Atlantic Mayor Dave Jones and Councilman Dana Halder are asking residents to try and resolve any differences they have in-person, when it comes to noise issues. Jones said the City received a letter from a resident who asked the Council to consider creating an ordinance that would address noise issues, especially with regard to lawn mowing and yard waste removal.

Jones said an unidentified female resident called him Saturday night and other members of the Council Sunday morning, to complain about a neighbor who was using a skid loader to remove tree and other yard debris Saturday evening. Halder said he received two calls from the complainant. One came just after 8:30-p.m. Saturday, the other at around 7:30-a.m. Sunday. Halder says he promptly investigated the situation and found no valid reason for the complaint. He said he arrived with 10 minutes of each call received, saw the person operating a skid loader in a valley, cleaning up some brush about 80-yards from the woman’s property line.

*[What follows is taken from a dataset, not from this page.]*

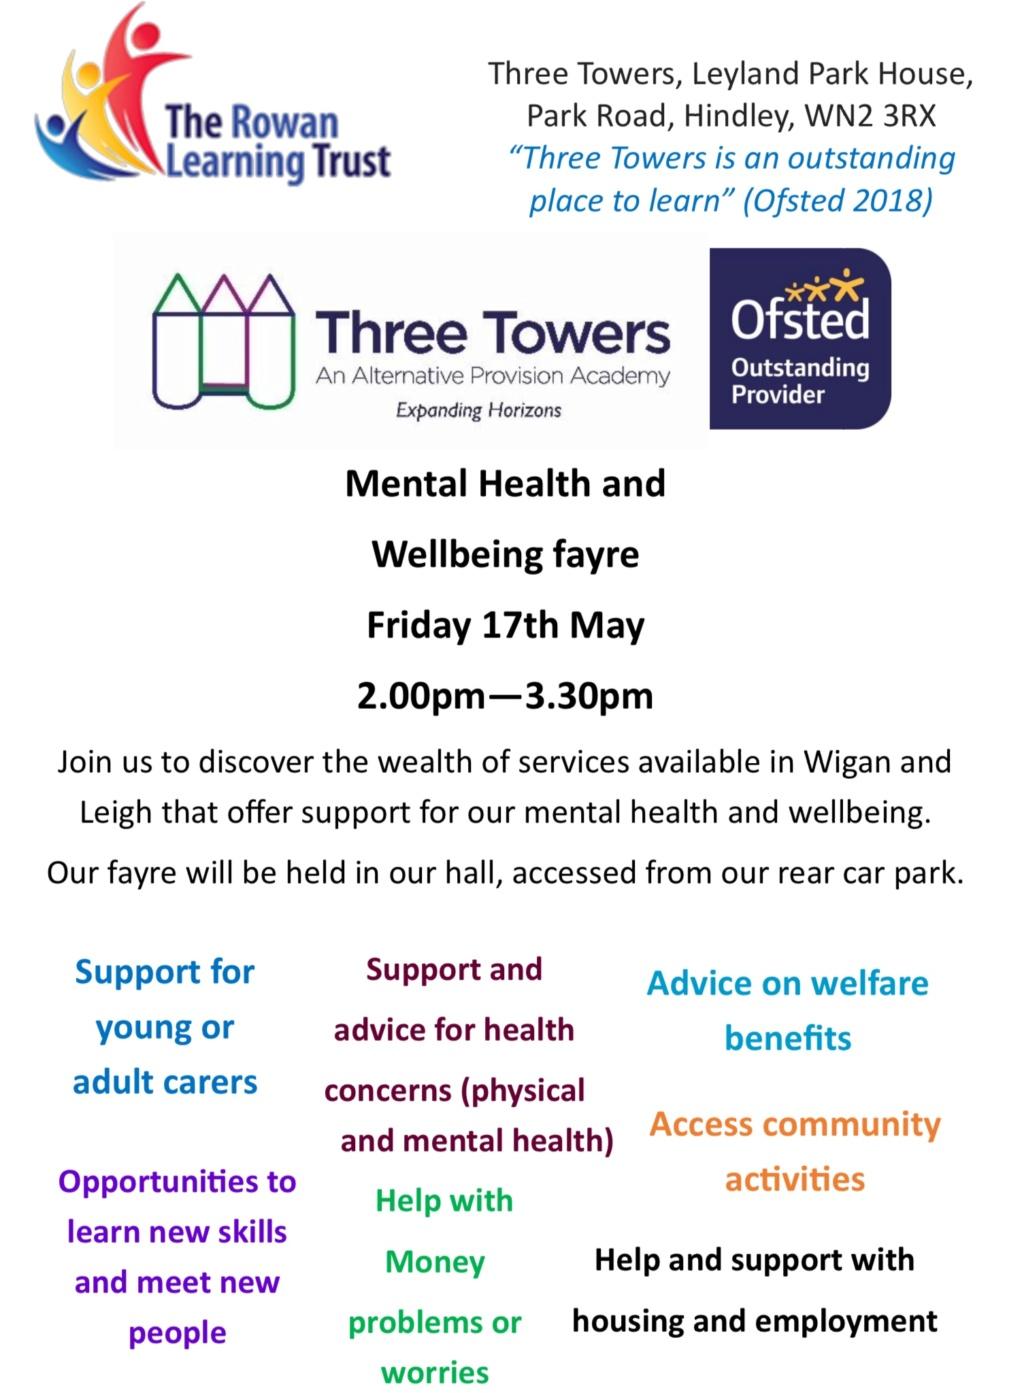 Mental Health & Wellbeing Fair, 17th May 9fdc8710

Halder said he spoke with another neighbor who said they didn’t have a problem with what was happening. Halder said also, that the man in question had apparently built a new house and was trying to clean-up the brush piles before wet and stormy weather arrived. He said the irony was, that as he was leaving, Halder had the windows down on his vehicle, and could hear the woman talking in her backyard…over the noise of the skid loader.

He said the man with the skid-loader confirmed the next morning that he was trying to get the land waste cleaned-up before the weather. When he arrived Sunday morning, the skid-loader, which he described as having a small motor, was on a trailer. Halder said he thinks the matter could have been handled better by the citizen. He said they need to “work a little harder to get along,” and understand people sometimes can’t mow and work outside when it’s convenient for their neighbors. He says talking with your neighbor when you have an issue, according to Halder, makes for a better level of understanding , and equates to “Honey going a lot farther than salt, I guess.”

He said none of the neighbors he spoke with had a problem with skid loader noise on the days and times in question. Atlantic does have noise ordinances that pertain to Amplified sound, barking dogs, disorderly conduct, engine brakes and identified “Quiet Zones,” but nothing specifically pertaining to the operating of equipment during certain hours.